How Morning Routines Set up Children for Early Success

As a parent, mornings are anything but easy and relaxed. You’re busy making sure your child is up, out of bed, brushing their teeth, getting dressed, eating breakfast, and out the door on time.

Establishing a morning routine can help not only ease this daily process, but also facilitate the development of executive function skills.

How to execute

Executive function skills help us organize information, manage time, act appropriately, and complete steps to reach a goal. These skills began to develop in your child’s early years and will be skills they use for the rest of their life. 

In particular, your child will develop: self-control, which will help them get started on time and stay on track; working memory, the ability to remember what is part of the routine and what steps need completing; and mental flexibility, the ability to adjust the routine if something unexpected comes up, like spilling juice on the shirt they planned to wear to school.

Raising the routine

Start by deciding on the tasks in the routine and talking them out. For example, you can say, “First, go to the bathroom, and then brush your teeth. Next, get dressed and eat breakfast. Last, grab your lunch and backpack, and out the door we go!”
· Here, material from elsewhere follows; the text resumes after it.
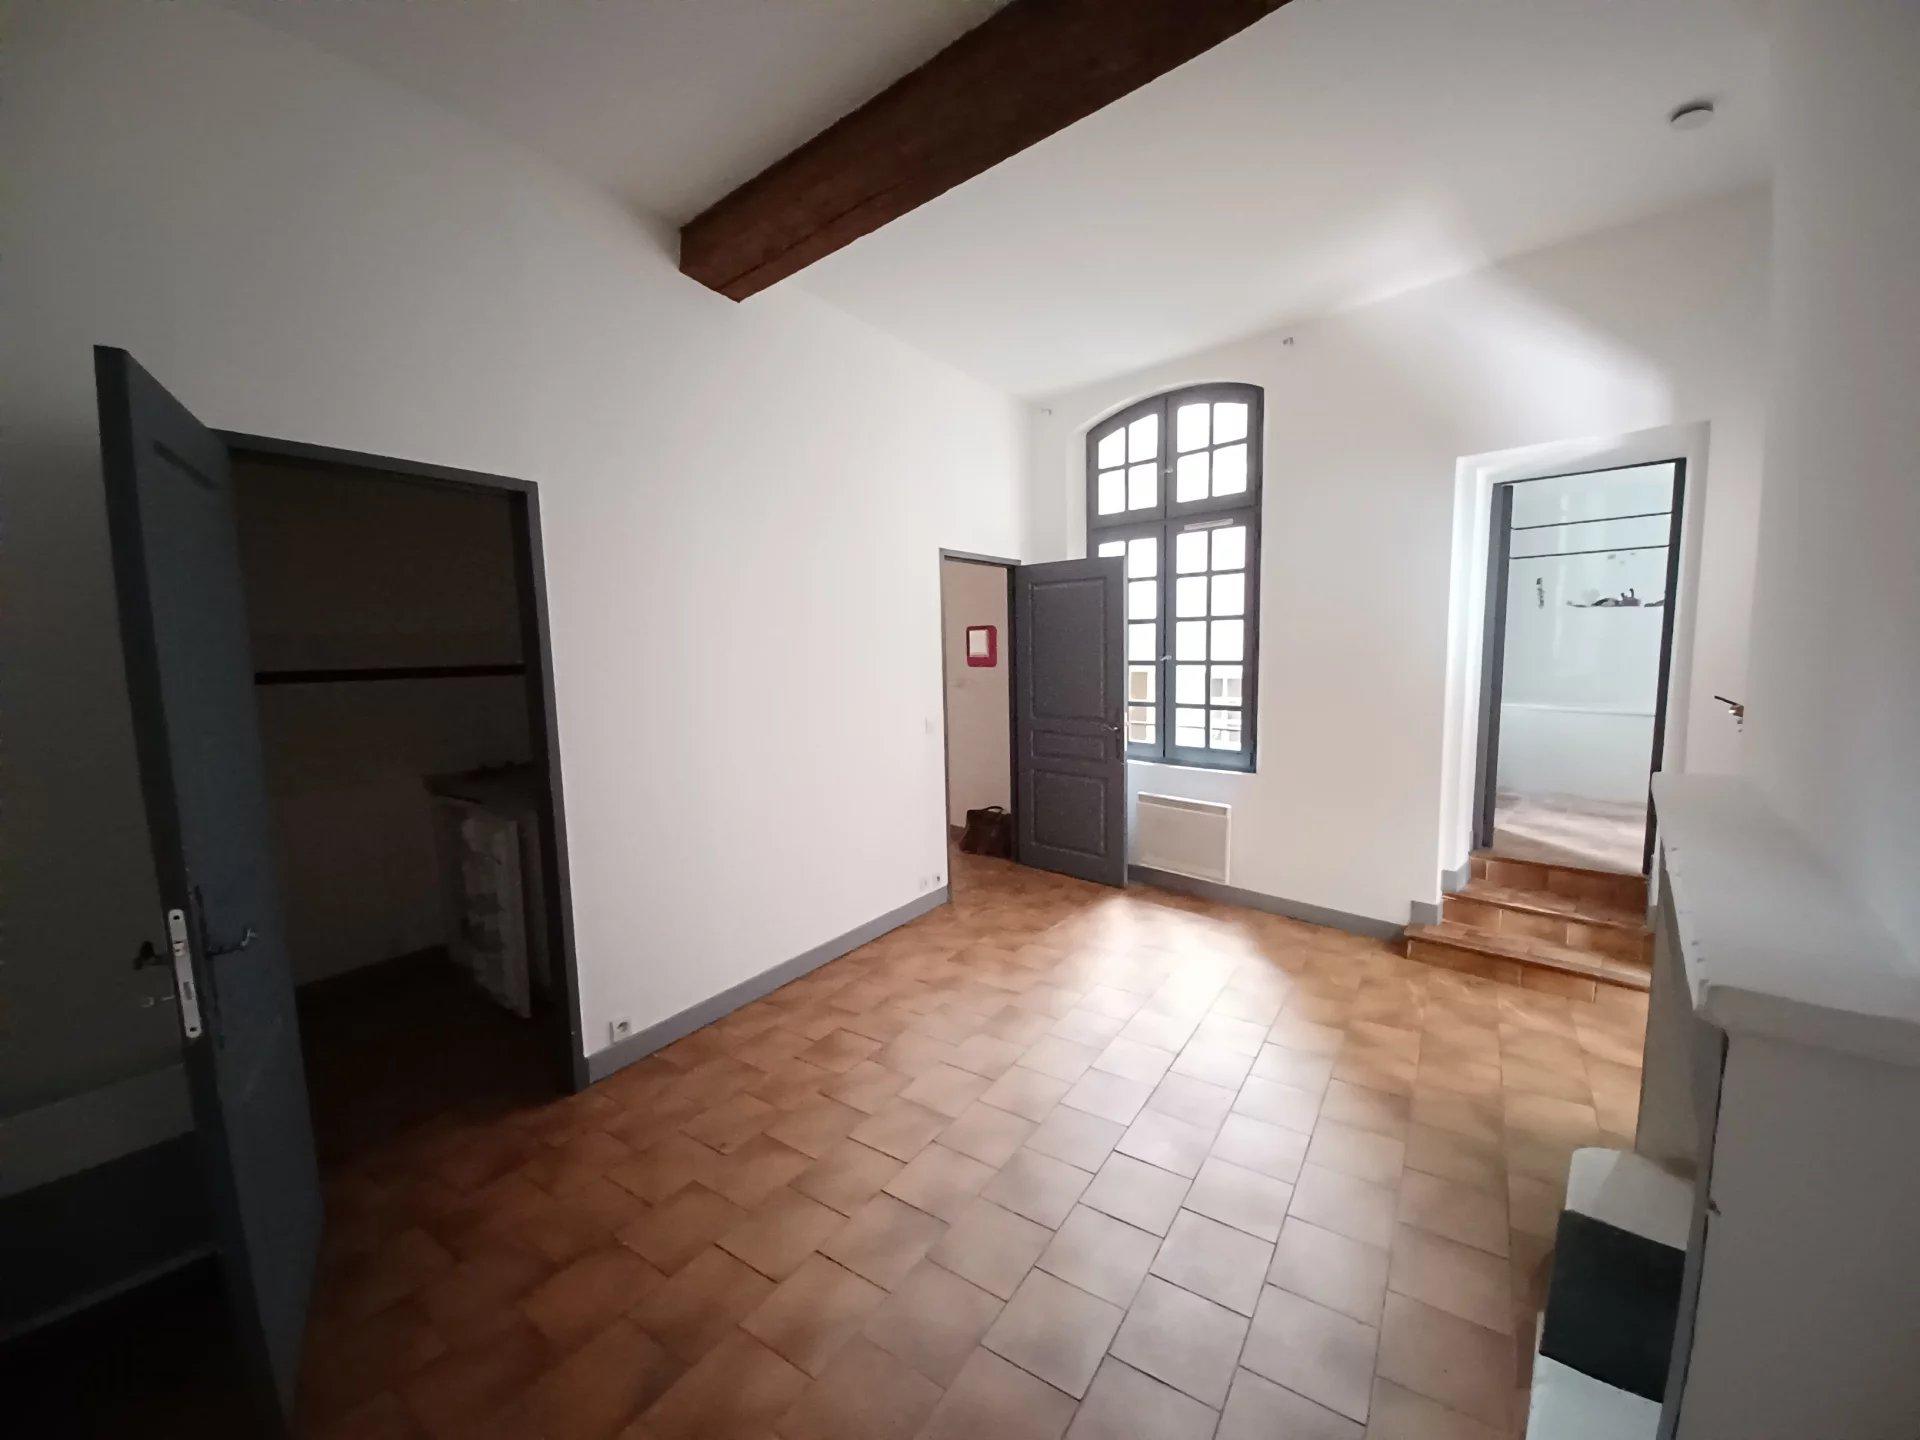 Location Appartement BEAUCAIRE Mandat : 0219

For some children, you may need to give them fewer tasks at once. For example, you can say, “Go to the bathroom and brush your teeth.” Once they’ve done that, go to the next task: “Great job! Now get dressed and come down for breakfast.” This can help if your child struggles with working memory.

One step at a time

Furthermore, teach your child how to do each step in the routine. Kids need to see how to do the steps, not just be told. You can also incorporate step-by-step instructions and post them where they can be easily seen. Use a picture list if your child can’t read yet.

The number of steps in the task and your expectations for how much help your child will need should be age-appropriate. Slowly phase out cues as the steps become more routine and your child becomes more independent. 

Even though there’s no school on the weekends, try to keep the routine going on Saturdays, Sundays, and vacations, as consistency is key for development of executive function skills.

Remember that some children learn tasks more quickly or slowly than others. Don’t give up! Continue to guide your child until they are successful. If you have any concerns about your child’s abilities, don’t hesitate to bring it up with your healthcare provider.